■ **DATA BLOCK**
--*--

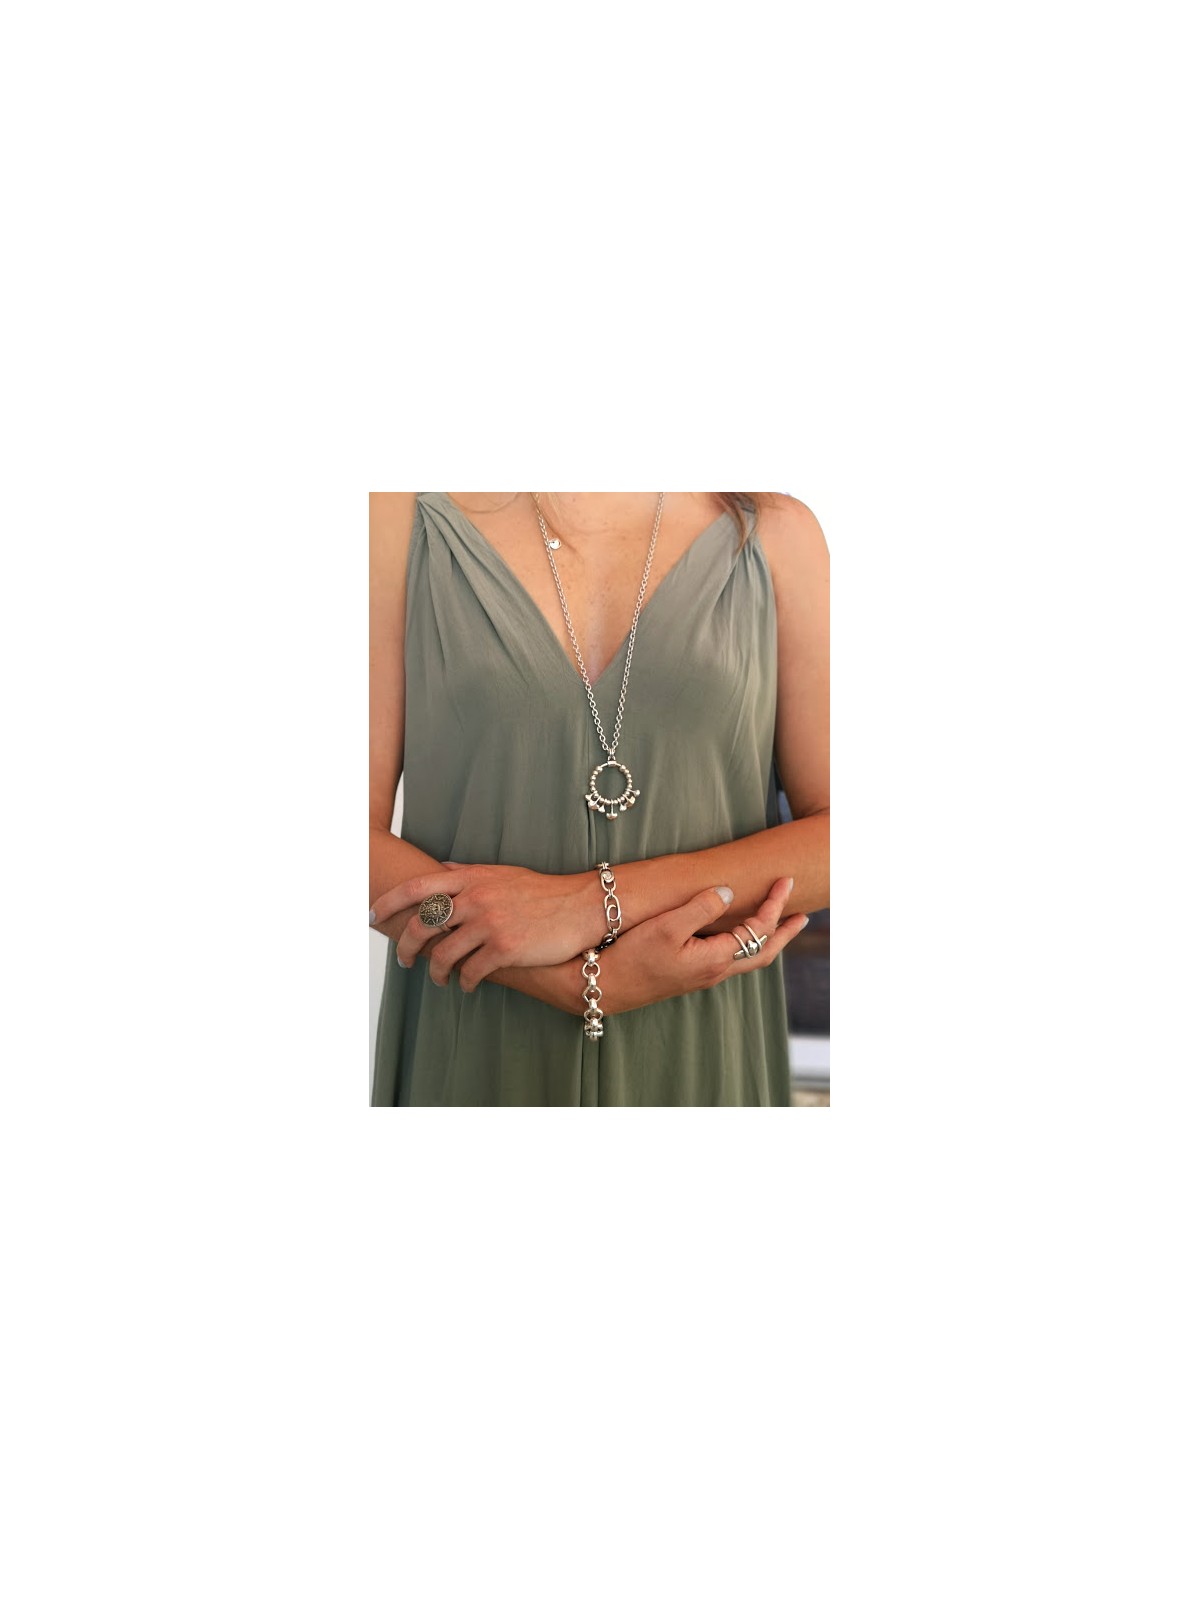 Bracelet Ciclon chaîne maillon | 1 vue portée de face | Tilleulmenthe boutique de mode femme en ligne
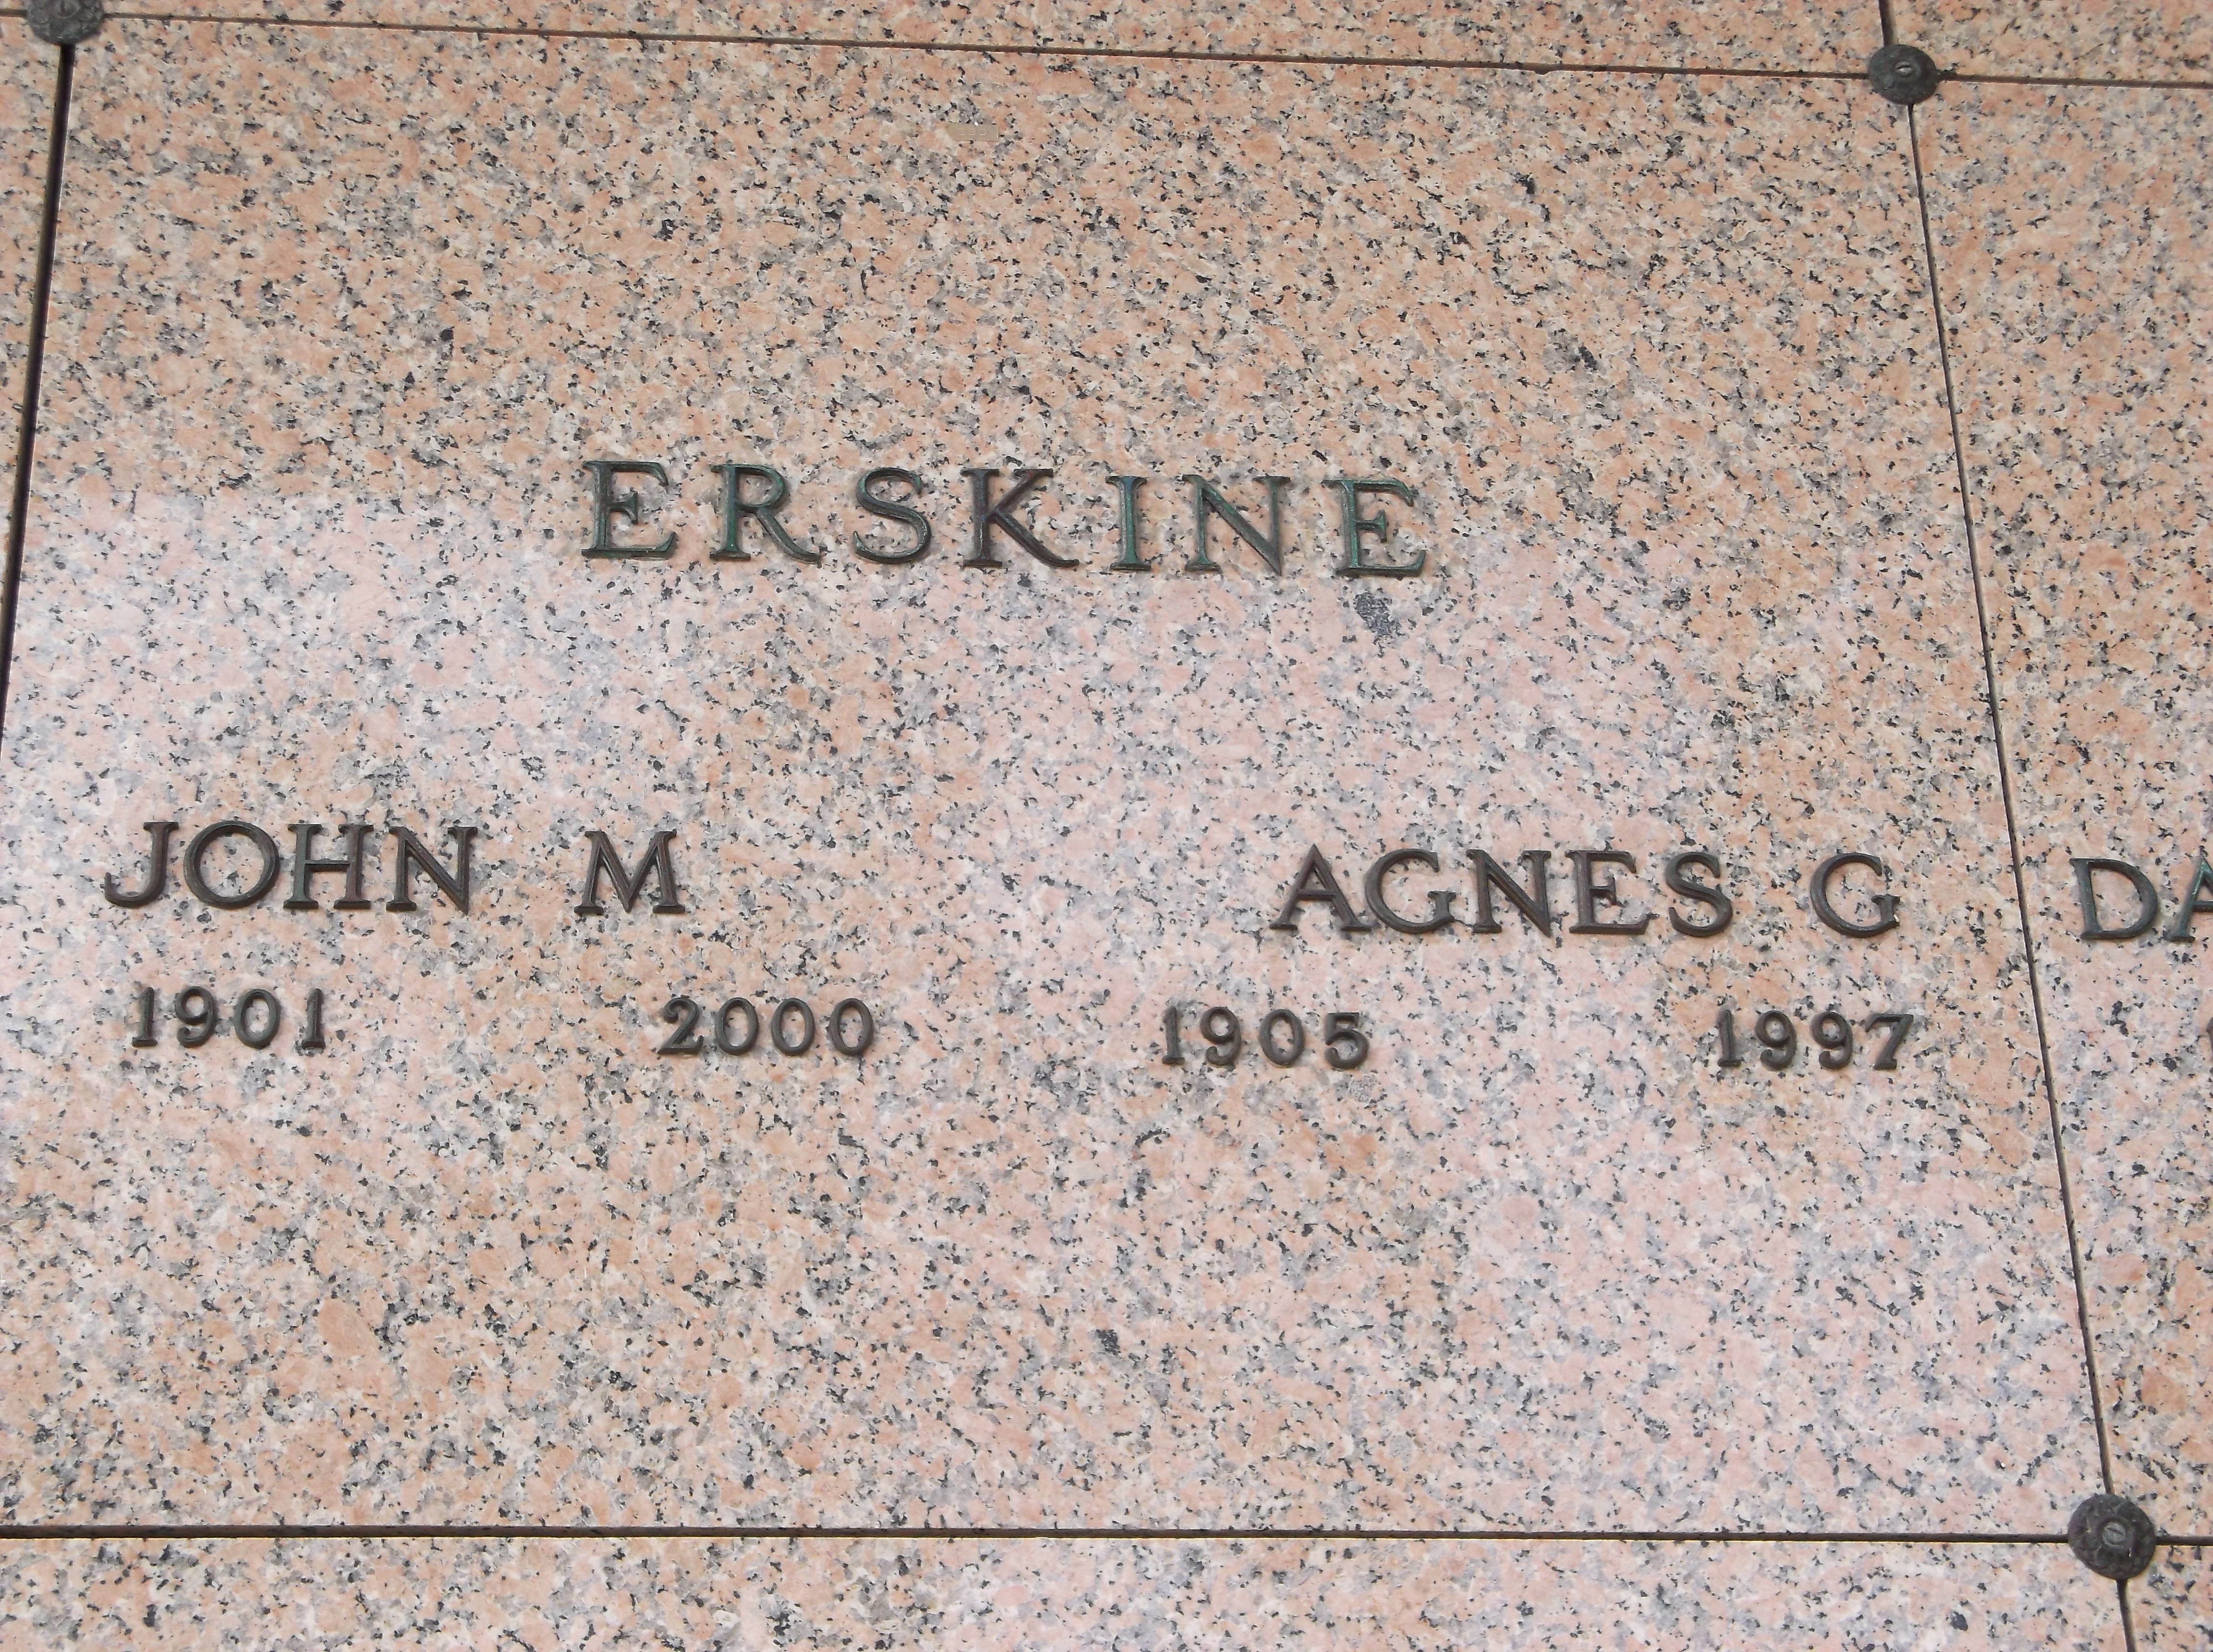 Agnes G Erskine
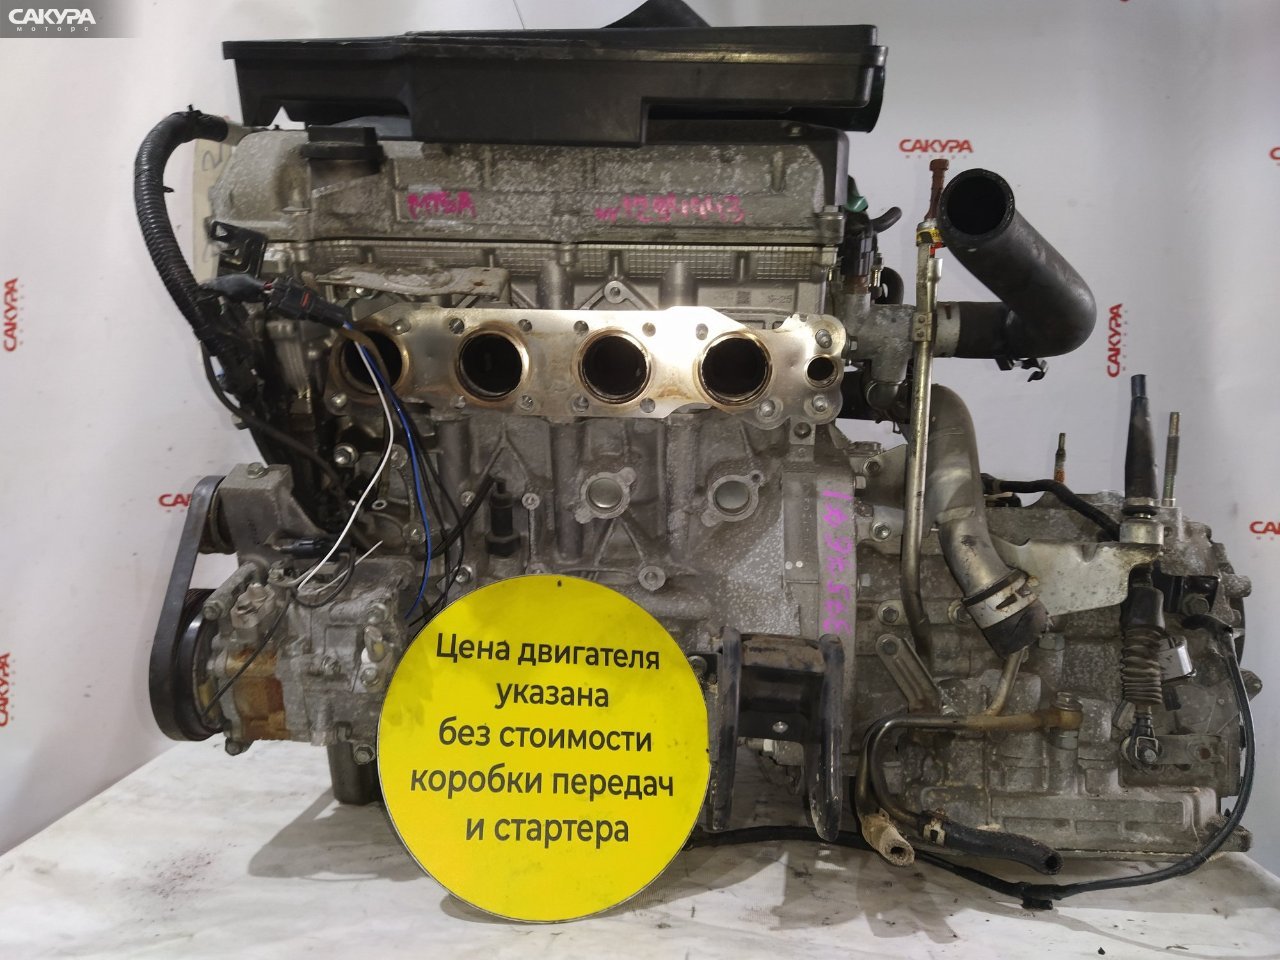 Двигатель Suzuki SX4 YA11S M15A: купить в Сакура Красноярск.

--*--

Only the pictures are to be left out, and all of the data must otherwise be transcribed exactly.

■ **RESPONSE TO THE TASK**
 Bracelet Ciclon chaîne maillon | 1 vue portée de face | Tilleulmenthe boutique de mode femme en ligne
 Agnes G Erskine
 Двигатель Suzuki SX4 YA11S M15A: купить в Сакура Красноярск.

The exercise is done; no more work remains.